* **DATA BLOCK**:

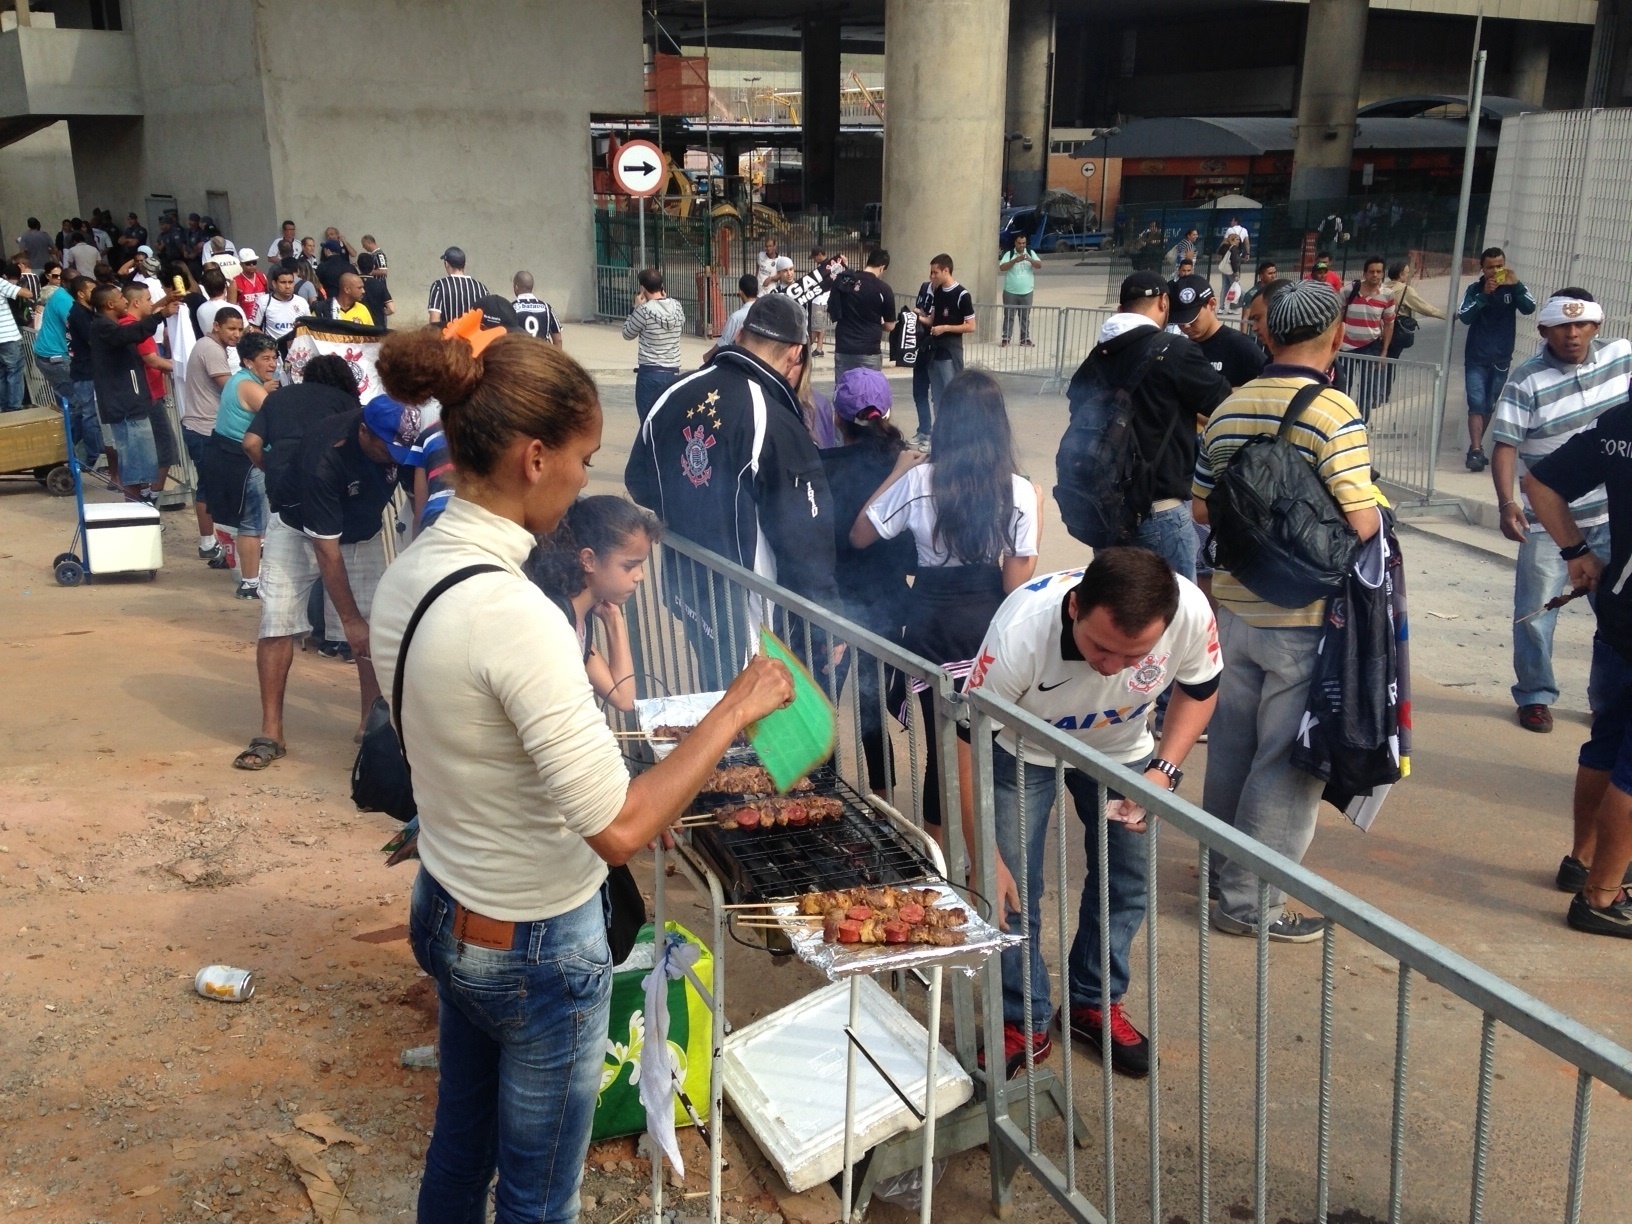 18.mai.2014 - Ambulante vende churrasco para torcedores do Corinthians que saem da estação Corinthians-Itaquera no dia da inauguração do Itaquerão
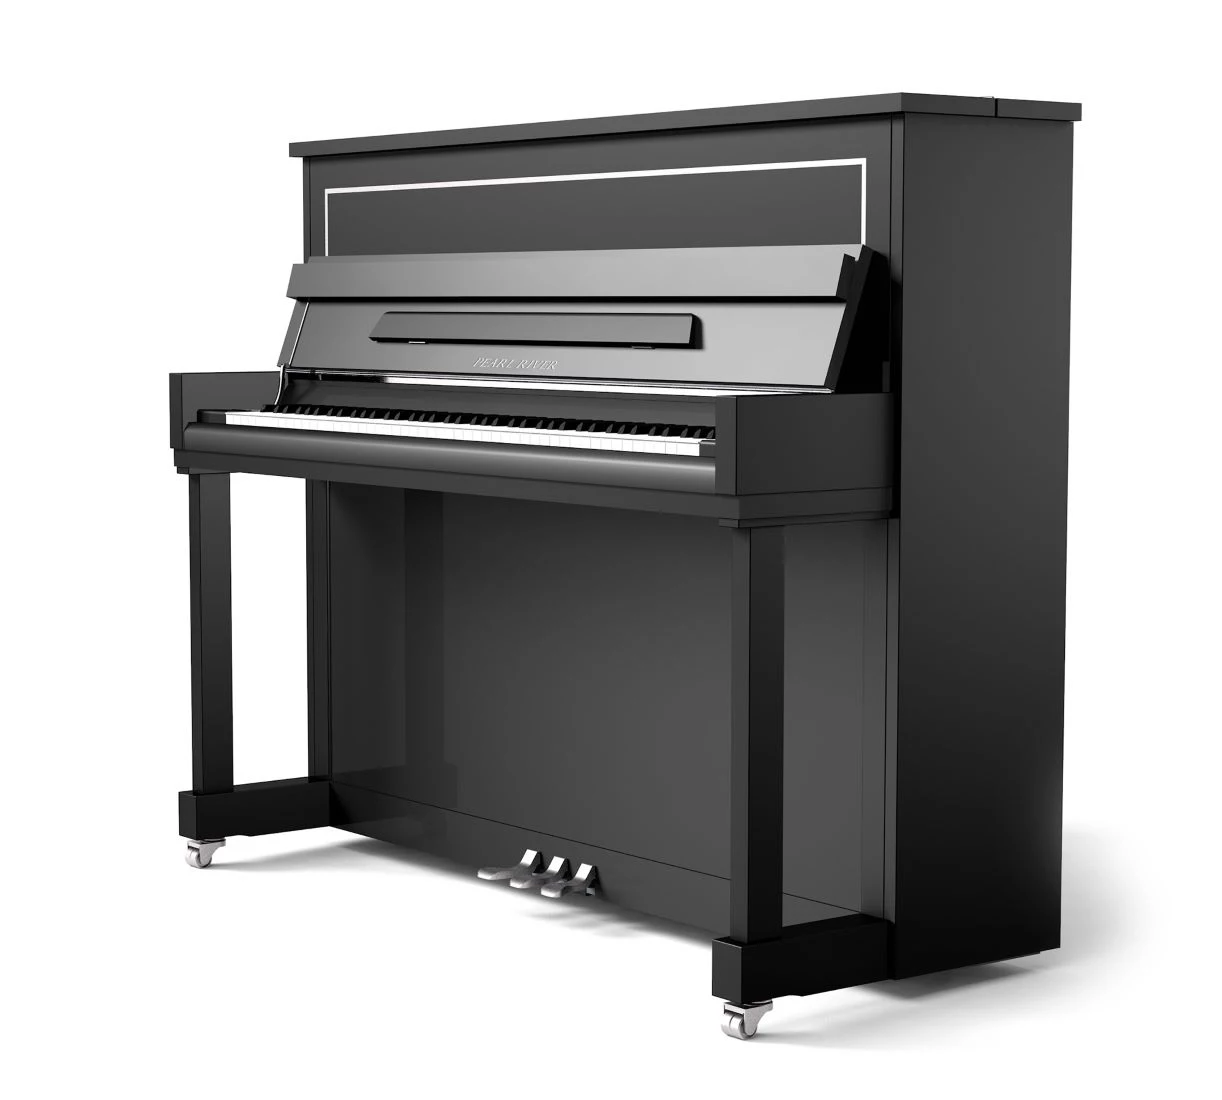 Акустическое пианино Pearl River QU1-PH1 BK
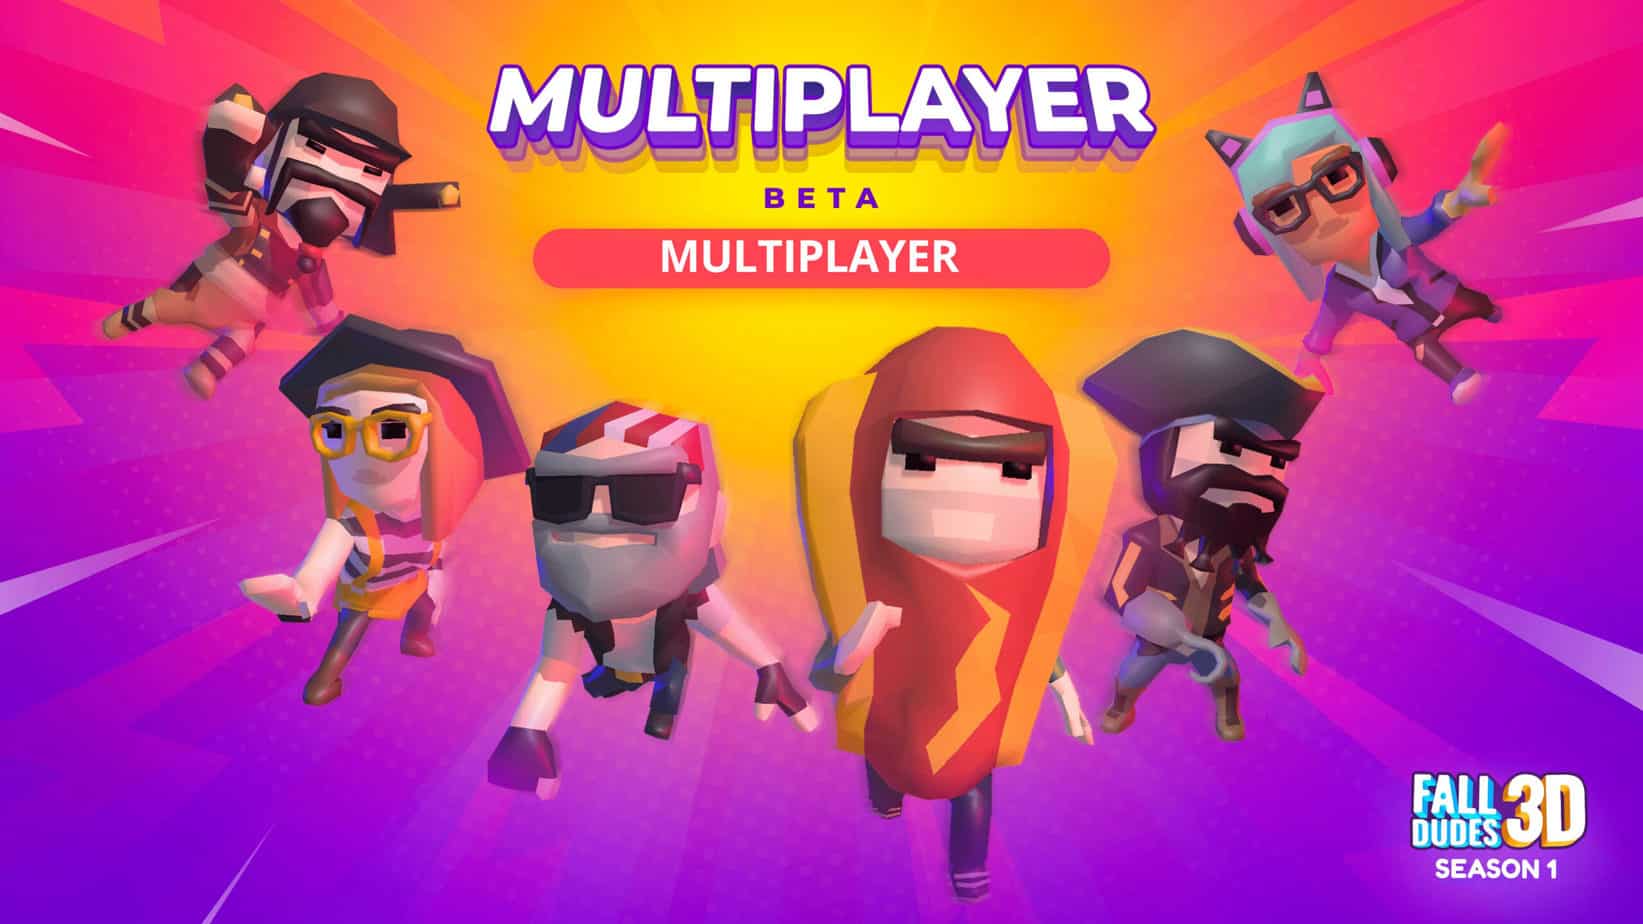 Fall Dudes: è arrivato il Multiplayer - Come diventare Beta Tester per giocare

* **AIM OF THE EXERCISE**: Only exact repeats of the lines from the one containing "Акустическое пианино Pearl River QU1-PH1 BK" through the end of the listing above are wanted here; pictures are not.

* **EXERCISE RESPONSE**:
 Акустическое пианино Pearl River QU1-PH1 BK
 Fall Dudes: è arrivato il Multiplayer - Come diventare Beta Tester per giocare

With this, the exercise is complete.